### Task requirements
Starting from the line in which "18th-19th C ..." appears, set down each line exactly through the end of the listing, and nothing else. Leave out pictures.

### Supplied material
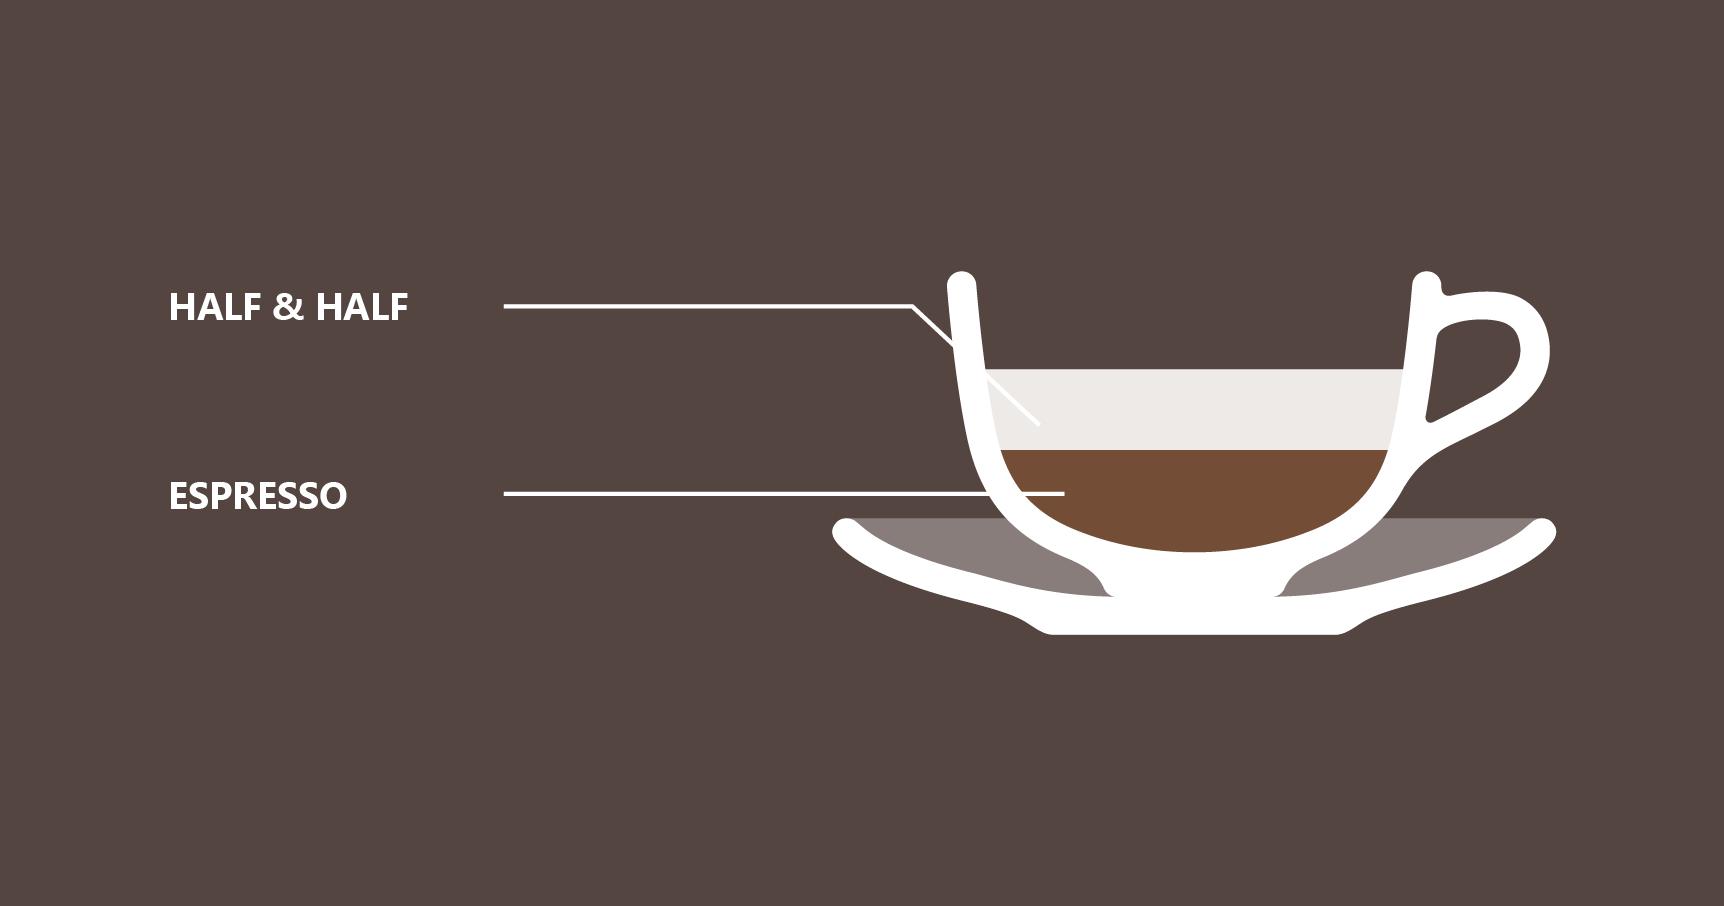 The classic Caffe Breve recipe illustration
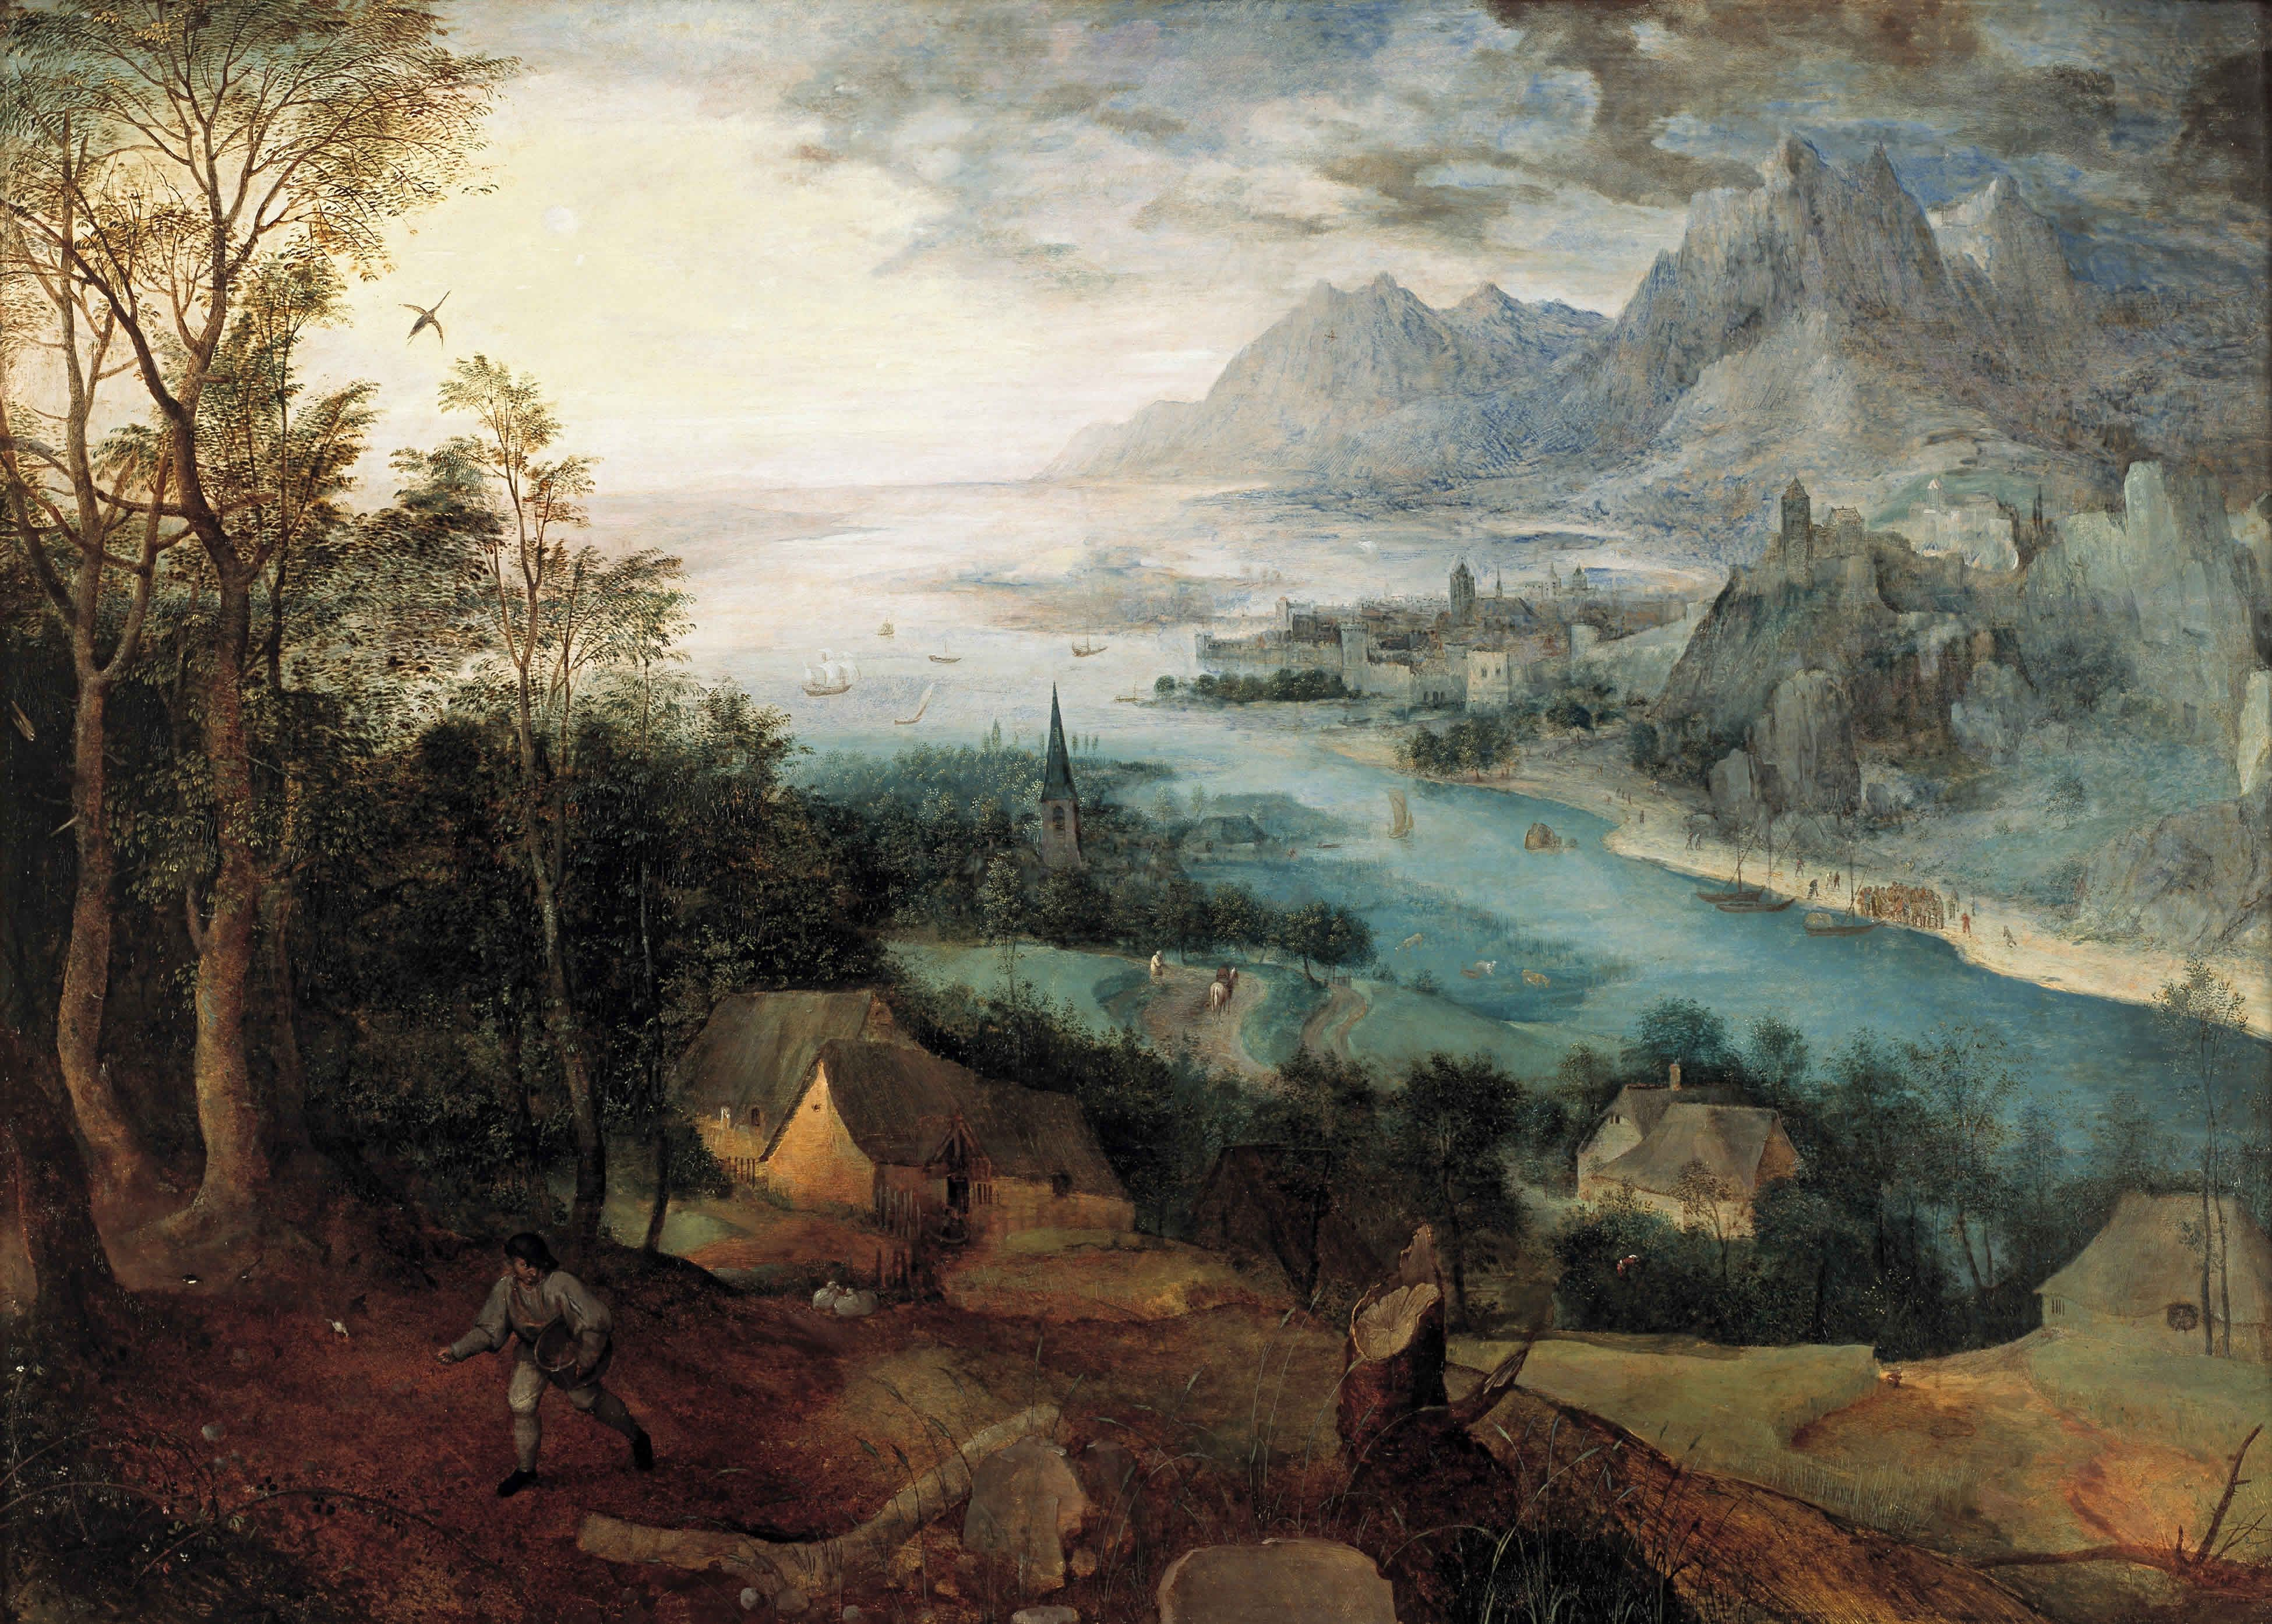 Landschaftsmalerei renaissance  Bruegel the Elder - Parable of the Sower 1557.   Grand 18th-19th C ...
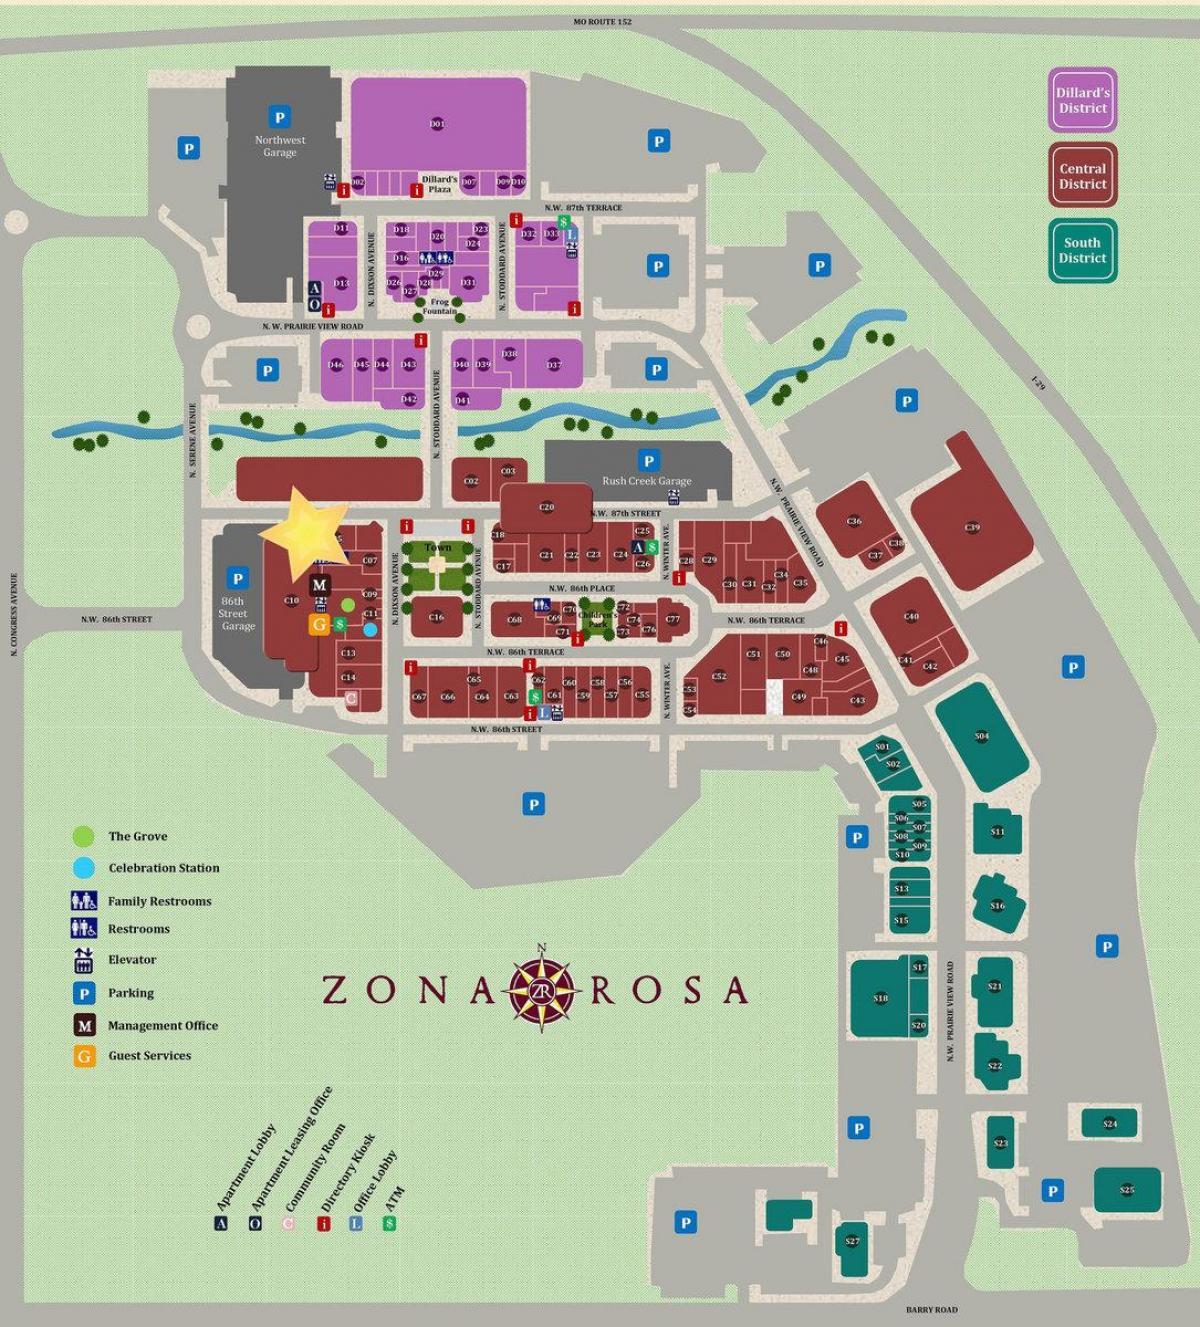 Zona rosa Karte - Zona rosa Mexiko-Stadt Karte (Mexiko) Zona Rosa Map on

### Result
 Landschaftsmalerei renaissance  Bruegel the Elder - Parable of the Sower 1557.   Grand 18th-19th C ...
 Zona rosa Karte - Zona rosa Mexiko-Stadt Karte (Mexiko) Zona Rosa Map on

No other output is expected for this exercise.